Ormai Nurah non sapeva più a cosa pensare… chissà cosa stava escogitando l’esploratore, nel tentativo di riconquistarla.
“Vedi…” cominciò a dire lui “il luogo dove ho trascorso i momenti più belli della mia esistenza è la tua vecchia dimora di Launam… Ebbene… non c’è davvero nulla che mi leghi a Nistra, dove ho conservato la mia residenza fino ad oggi… Sai… l’umore di Bers non è sempre dei migliori e… ma questa è un’altra storia. Ebbene, se solo potessi stabilirmi nella tua abitazione di Launam io… ecco… sono convinto che riuscirei più facilmente a superare questo momento.”

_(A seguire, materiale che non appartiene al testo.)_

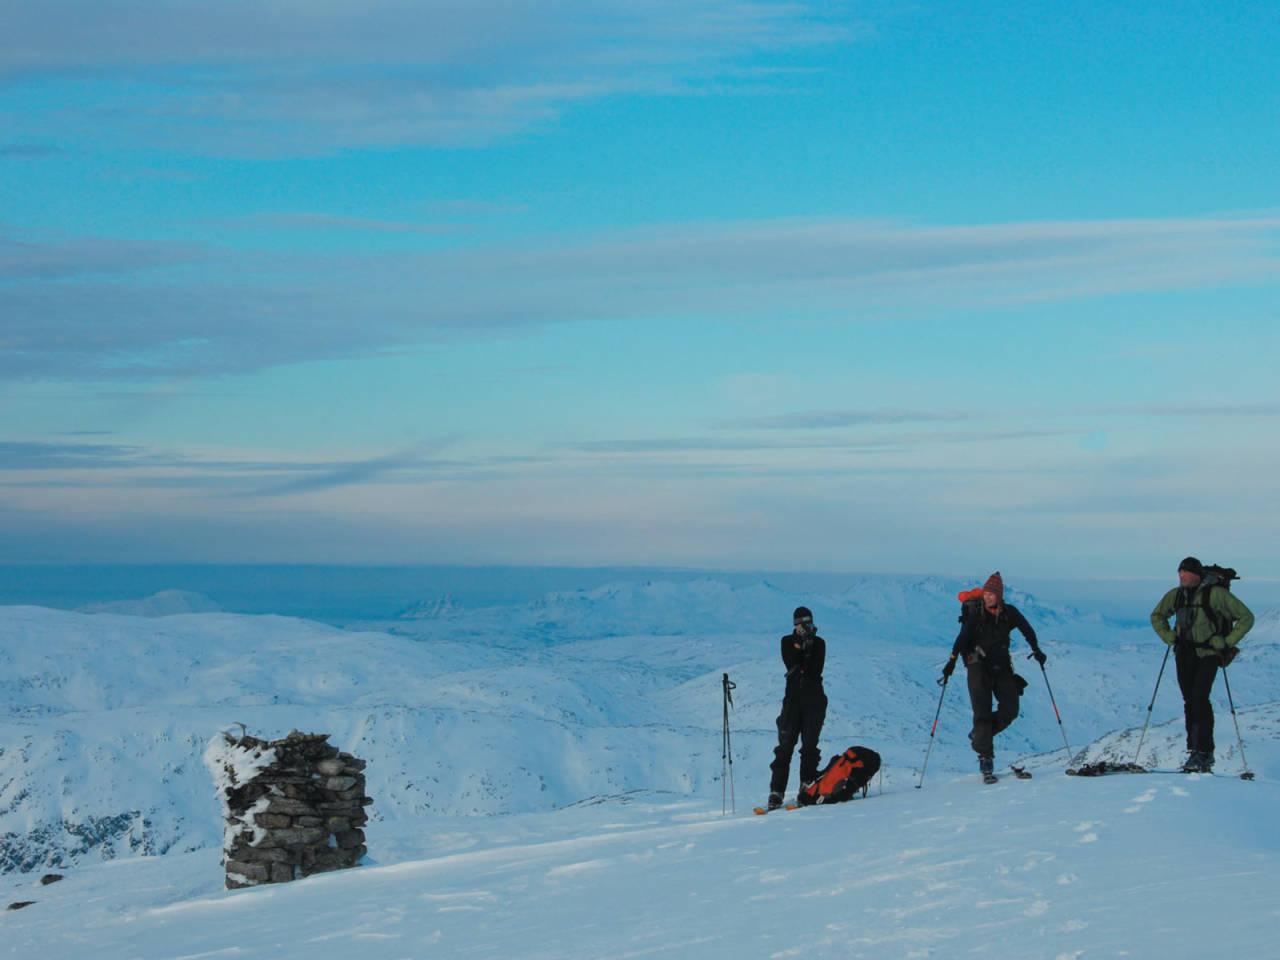 Yngve Antonsen, Heidi Berg og Bjørn Eines nyter en vakker februardag på Breitinden. Foto: Espen Nordahl. / Toppturer i Troms.

“Ma Gual” rispose Nurah con tono materno “la dimora di Launam non mi appartiene… mi è stata semplicemente concessa quando ne ho fatto richiesta. Non è a me che devi chiedere se puoi abitarvi…”
“Si si, lo so, ma … ecco… volevo che tu ne fossi al corrente e che mi dicessi che non hai nulla in contrario… tutto qui!”
“Oh Gual, come potrei impedirtelo… anzi, sono quasi contenta che tu me l’abbia chiesto… tra quelle mura c’è una fetta della mia esistenza trascorsa, un periodo terribilmente felice… sarebbe stato peccato che tutto ciò finisse in mani estranee che non potessero comprendere il valore affettivo che quelle stanze, mobili e suppellettili possono avere…”
“Grazie Nurah, sapevo di poterci contare… Beh… si è fatto tardino… è il caso che vada… ciao am… scusa… ciao Nurah”
“Ciao Gual… vieni a trovarmi qualche volta?”
“Io… si… cioè forse, non so. Sarò impegnatissimo nei prossimi tempi” lo sguardo di lui cercava di evitare quello di lei.
“Fa il possibile, qui sarai sempre il benvenuto… Ciao”
Il saluto di Nurah gli arrivò quando lui stava già chiudendo l’uscio dietro di se.
“Ciao Gual” continuò Nurah in un filo di voce “Ciao stupido ragazzone sentimentale, pronto a rincorrere un fantasma del passato piuttosto che guardare avanti, a un avvenire diverso… stupido irrazionale, vittima predestinata di un mondo in continua evoluzione, stupido… generoso, appassionato, meraviglioso amore…”
Le lacrime ora le scendevano copiose, non più frenate dall’orgoglio e dalla fermezza che deve caratterizzare chi detiene il bastone del comando.